The builder threshold is applied while freezing reduced nodes into the immutable form.
```java
import org.egothor.stemmer.CaseProcessingMode;
import org.egothor.stemmer.DiacriticProcessingMode;
import org.egothor.stemmer.FrequencyTrie;
import org.egothor.stemmer.ReductionMode;
import org.egothor.stemmer.ReductionSettings;
import org.egothor.stemmer.WordTraversalDirection;
final ReductionSettings settings = ReductionSettings.withDefaults(
ReductionMode.MERGE_SUBTREES_WITH_EQUIVALENT_RANKED_GET_ALL_RESULTS);
final FrequencyTrie.Builder<String> fastBuilder =
new FrequencyTrie.Builder<>(String[]::new,
settings,
WordTraversalDirection.BACKWARD,
CaseProcessingMode.LOWERCASE_WITH_LOCALE_ROOT,
DiacriticProcessingMode.AS_IS,
1024); // prefer lookup speed
// ... put(...) ...
final FrequencyTrie<String> trie = fastBuilder.build();
```
Use `0` or `256` for lower memory while still building larger tries.
```java
final FrequencyTrie.Builder<String> compactBuilder =
new FrequencyTrie.Builder<>(String[]::new,
settings,
WordTraversalDirection.BACKWARD,
CaseProcessingMode.LOWERCASE_WITH_LOCALE_ROOT,
DiacriticProcessingMode.AS_IS,
256); // lower memory profile
```
## Tune when loading a binary artifact (runtime phase)

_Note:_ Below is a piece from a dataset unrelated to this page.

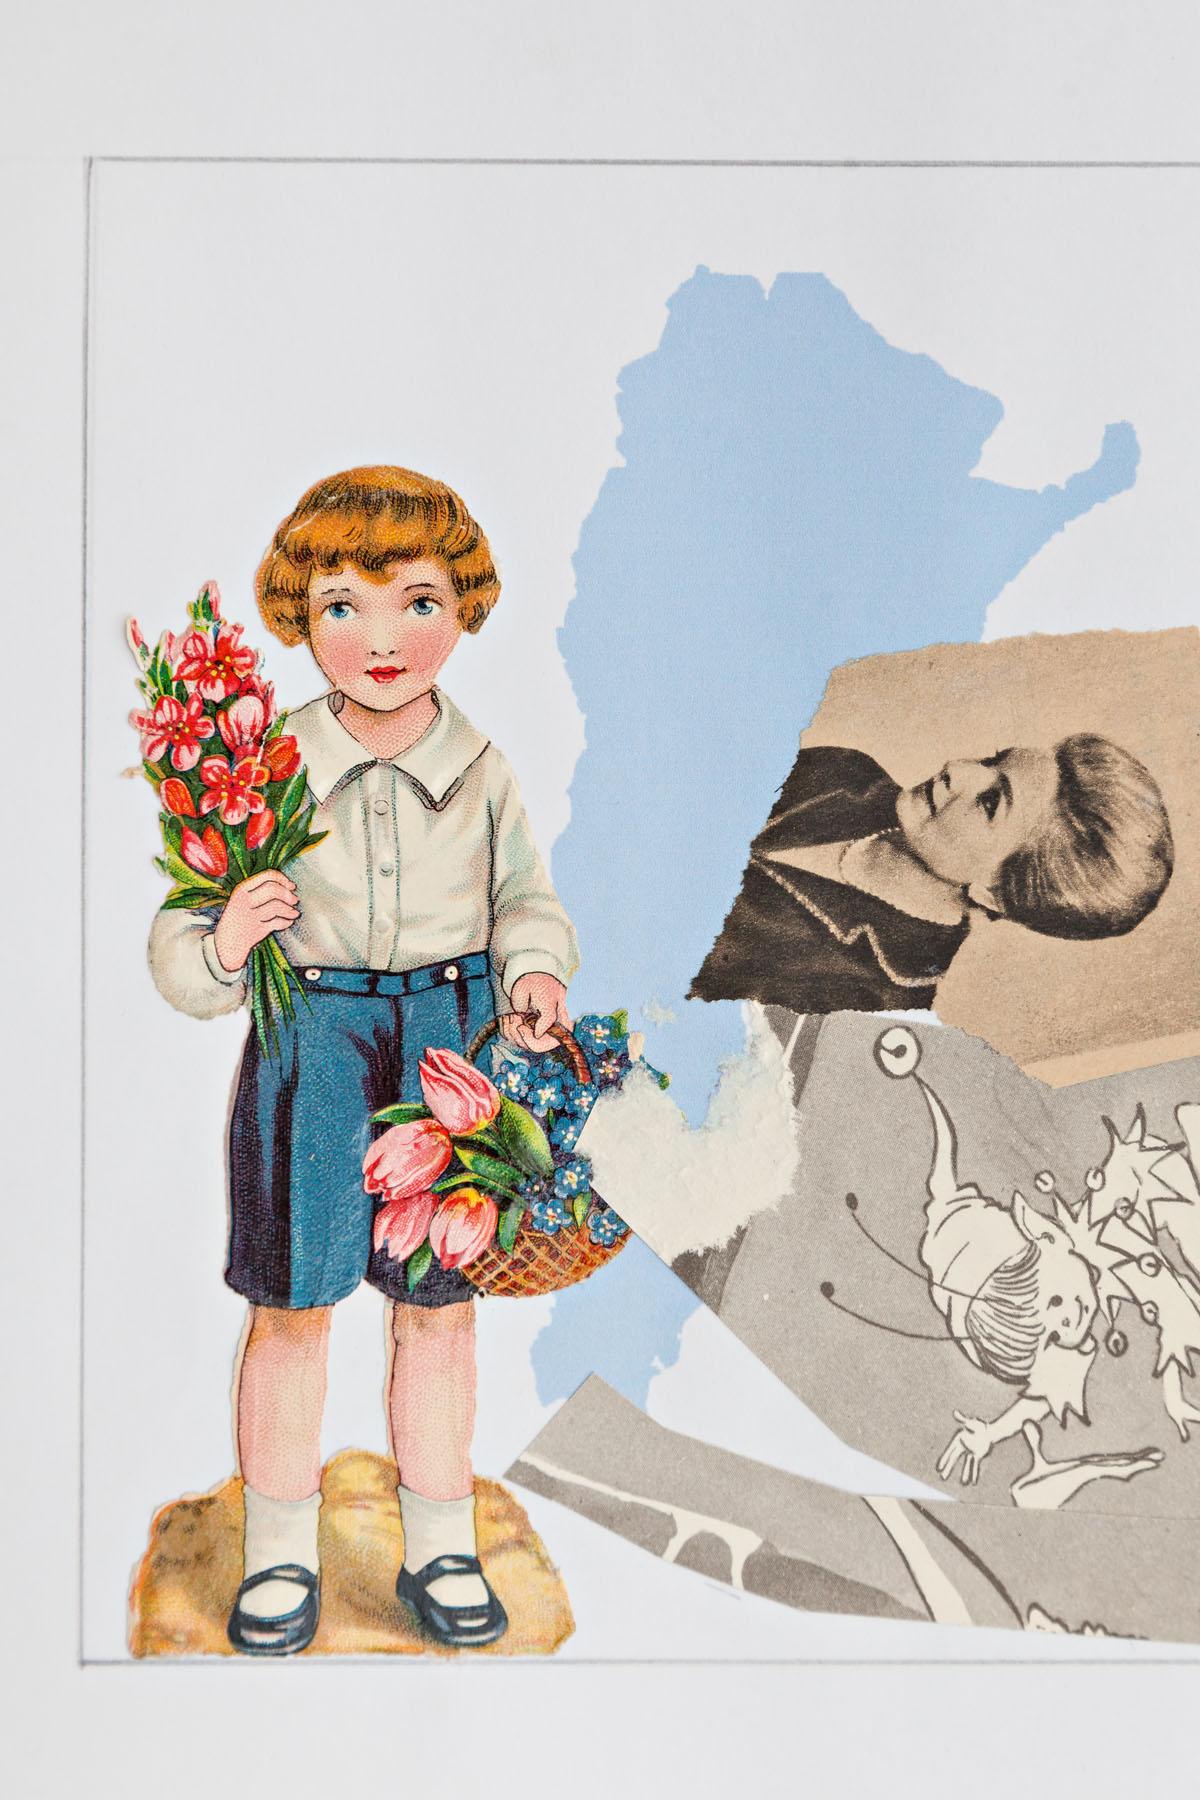 Serie verano, papel collage, 35,5 cm x 21,5 cm , 2020

At artifact load time, you can tune the same trade-off independently of persisted metadata.
```java
import java.nio.file.Path;
import org.egothor.stemmer.StemmerPatchTrieLoader;
var defaultLookup = StemmerPatchTrieLoader.loadBinary(
Path.of("stemmers", "english.radixor.gz"));
var fastLookup = StemmerPatchTrieLoader.loadBinary(
Path.of("stemmers", "english.radixor.gz"), 1024);
var compactLookup = StemmerPatchTrieLoader.loadBinary(
Path.of("stemmers", "english.radixor.gz"), 0);
```
You can also set the threshold directly with `FrequencyTrie.readFrom(...)` when reading streams:
```java
import java.io.DataInputStream;
import java.io.IOException;
import java.io.InputStream;
import java.nio.file.Files;
import java.nio.file.Path;
import java.util.zip.GZIPInputStream;
import org.egothor.stemmer.FrequencyTrie;
public final class StreamLoadExample {
private StreamLoadExample() {
throw new AssertionError("No instances.");
}
public static void main(final String[] arguments) throws IOException {
try (InputStream fileInput = Files.newInputStream(Path.of("stemmers", "english.radixor.gz"));
GZIPInputStream gzip = new GZIPInputStream(fileInput);
DataInputStream dataInput = new DataInputStream(gzip)) {
final FrequencyTrie<String> compactOnLoad = FrequencyTrie.readFrom(
dataInput,
String[]::new,
input -> input.readUTF(),
256);
}
}
}
```
Note: the string codec is intentionally inline in this snippet to keep it self-contained.
## Practical guidance
- Start with default (`512`) in production and profile before changing it.
- Use `0` when memory is the priority and query throughput is not the bottleneck.
- Use values around `1024` for workloads dominated by compact alphabets and very hot lookups.
Trade-off expectation:
- increasing `maxExpandedIndex` improves lookup speed when edges tend to occupy short spans,
- decreasing it reduces per-node auxiliary memory in dense-span nodes.